I glanced at him. "Yeah." I took a breath and swallowed the blunt things I wanted to say. Larry was right. Stirling was a pain in the ass, but he wasn't who I was mad at. He was just a convenient target.
"Mr. Kirkland and I will walk the graveyard. But you need to stay here. Other people moving around are very distracting." There; that was diplomatic.
"If you were going to make us stand here like an audience, you could have said so at the bottom of this mountain. And saved us the walk."
So much for diplomacy. "Would you have liked me telling you to stay at the bottom of the hill where you couldn't see what we were doing?"
He thought about that for a minute. "No, I suppose I wouldn't have liked it."
"Then what are you complaining about?"
"Anita," Larry said very softly under his breath.
I ignored him. "Look, Mr. Stirling, it has been a really rough night. I am just out of niceness right now. Please, just let me do my job. The faster I get this done, the sooner we go home. Okay?"
Honesty. I was hoping profound honesty would work. It was about all I had left.
He hesitated a minute, then nodded. "All right, Ms. Blake. Do your job, but know this. You have been decidedly unpleasant. It better be pretty spectacular."

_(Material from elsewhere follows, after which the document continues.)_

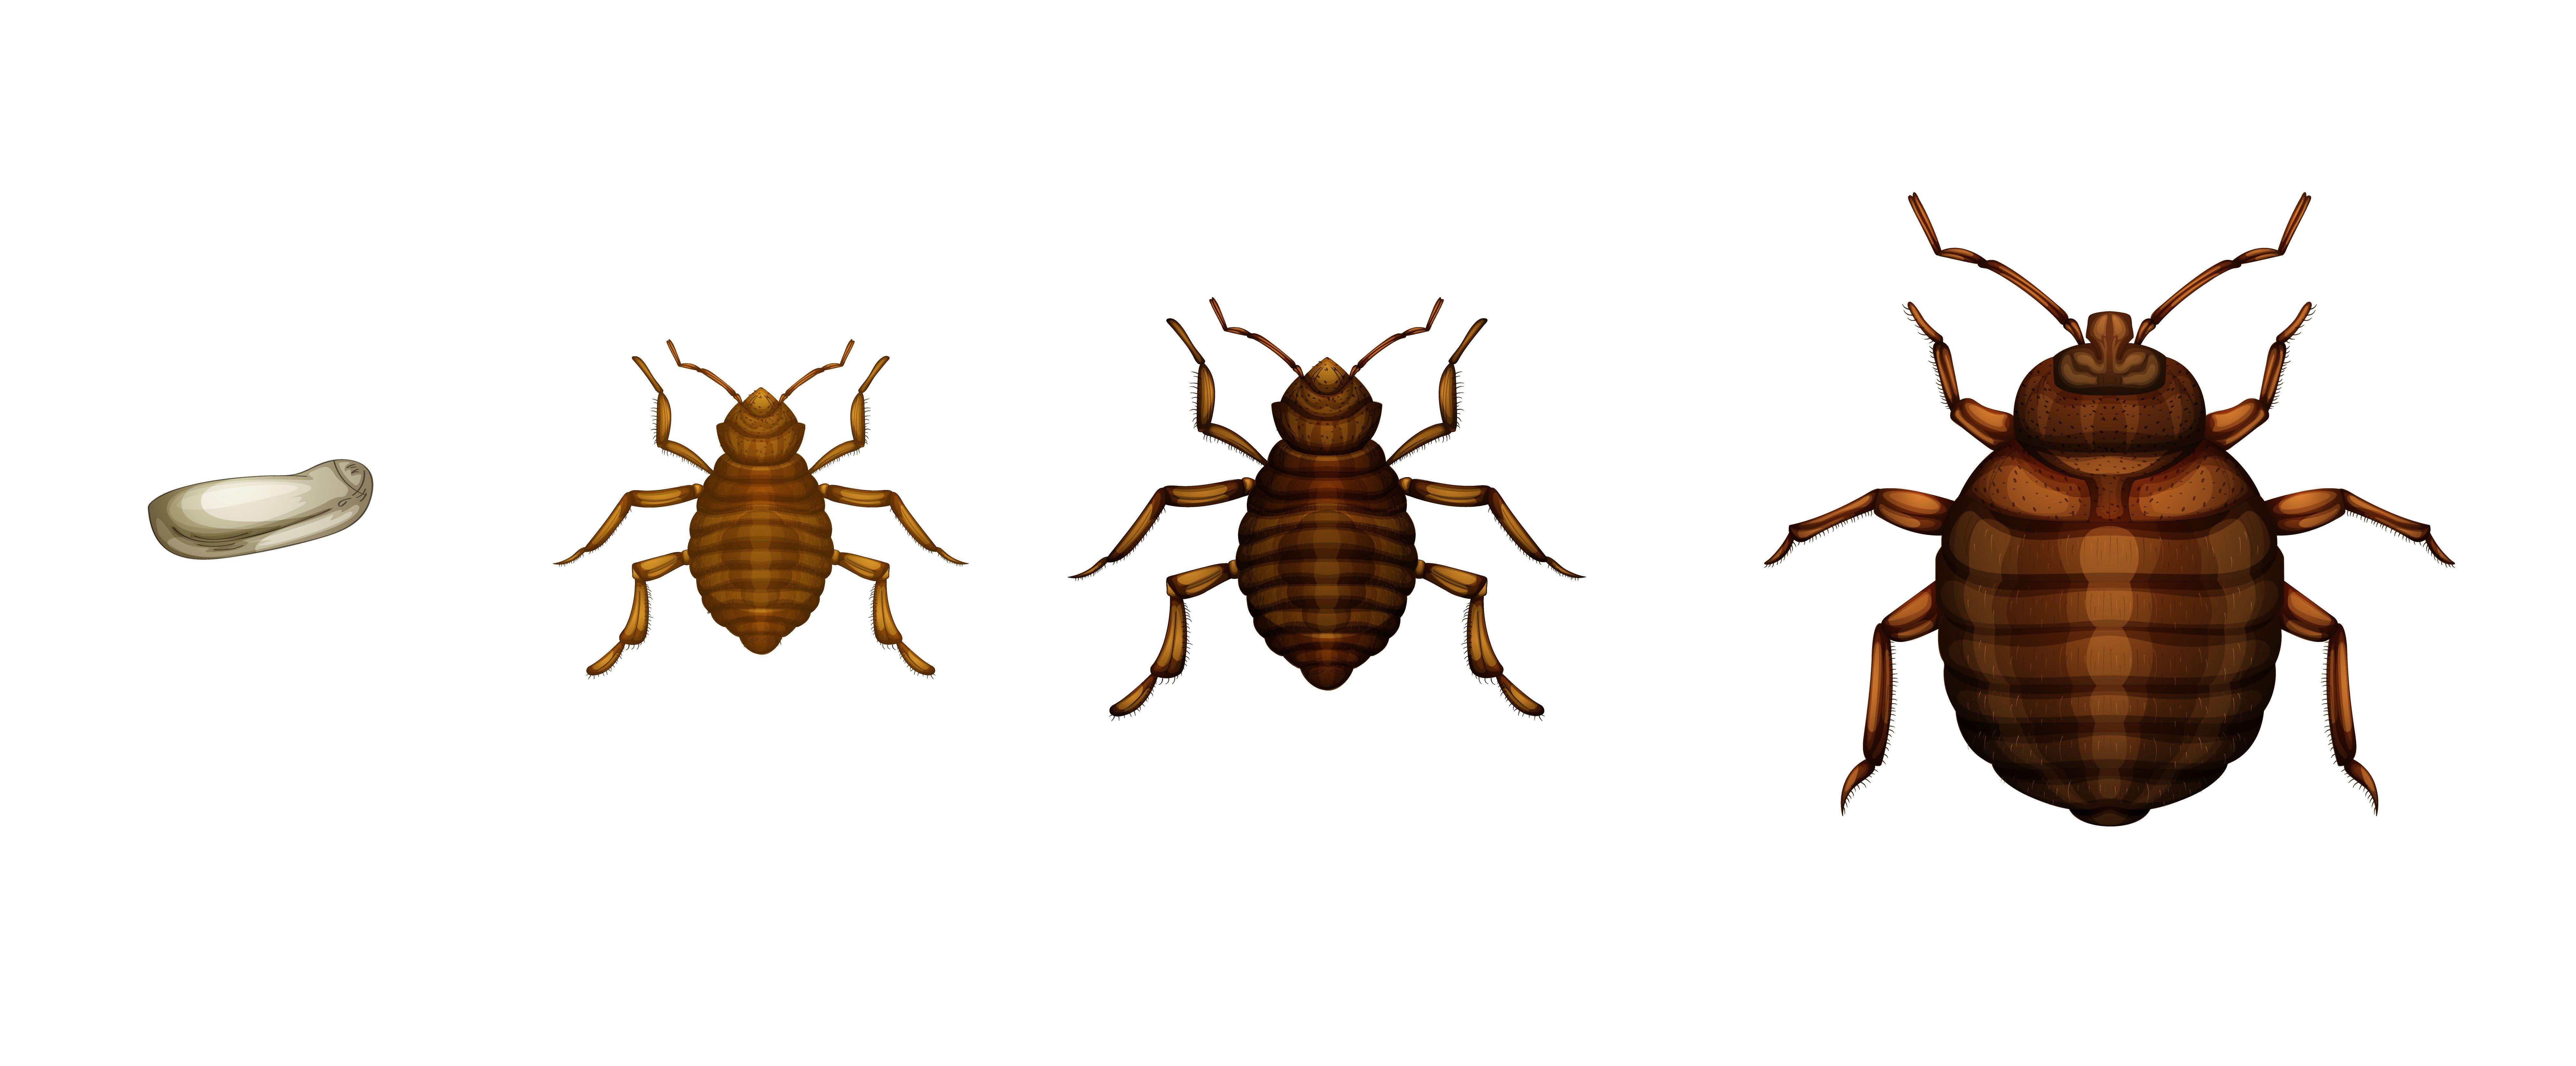 Punaise De Lit Oeuf Impressionnant 39 Classique Insecte De Lit – Faho forfriends

I opened my mouth, and Larry touched my arm. He gripped my arm not too hard, but hard enough. I swallowed what I was going to say and walked away from all of them. Larry trailed after me. Brave Larry.

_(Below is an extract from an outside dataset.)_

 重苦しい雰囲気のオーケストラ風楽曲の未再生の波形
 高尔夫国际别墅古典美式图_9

"What's the matter with you tonight?" he asked when we were out of earshot of Stirling and Co.
"I told you."
"No," he said, "it isn't just the murder tonight. Hell, I've seen you kill people and be less upset afterwards. What's wrong?"
I stopped walking and just stood there for a minute. He'd seen me kill people and be less upset. Was that true? I thought about it for a heartbeat. It was true. That was pretty damn sad.
I knew what was wrong. I'd seen too many slaughtered people in the last few months. Too much blood. Too much killing. I'd done some of the killing. Not all of it had been sanctioned by the state. I also wanted to be looking for Jeff Quinlan. I couldn't do anything until Jean-Claude arrived. I really couldn't. But I felt like my job was interfering with my police work. Was that a bad sign? Or a good one?
I took a deep breath of the cool mountain air. I let it out very slowly, concentrating on just breathing, in and out, in and out. When I felt calm again, I looked at Larry.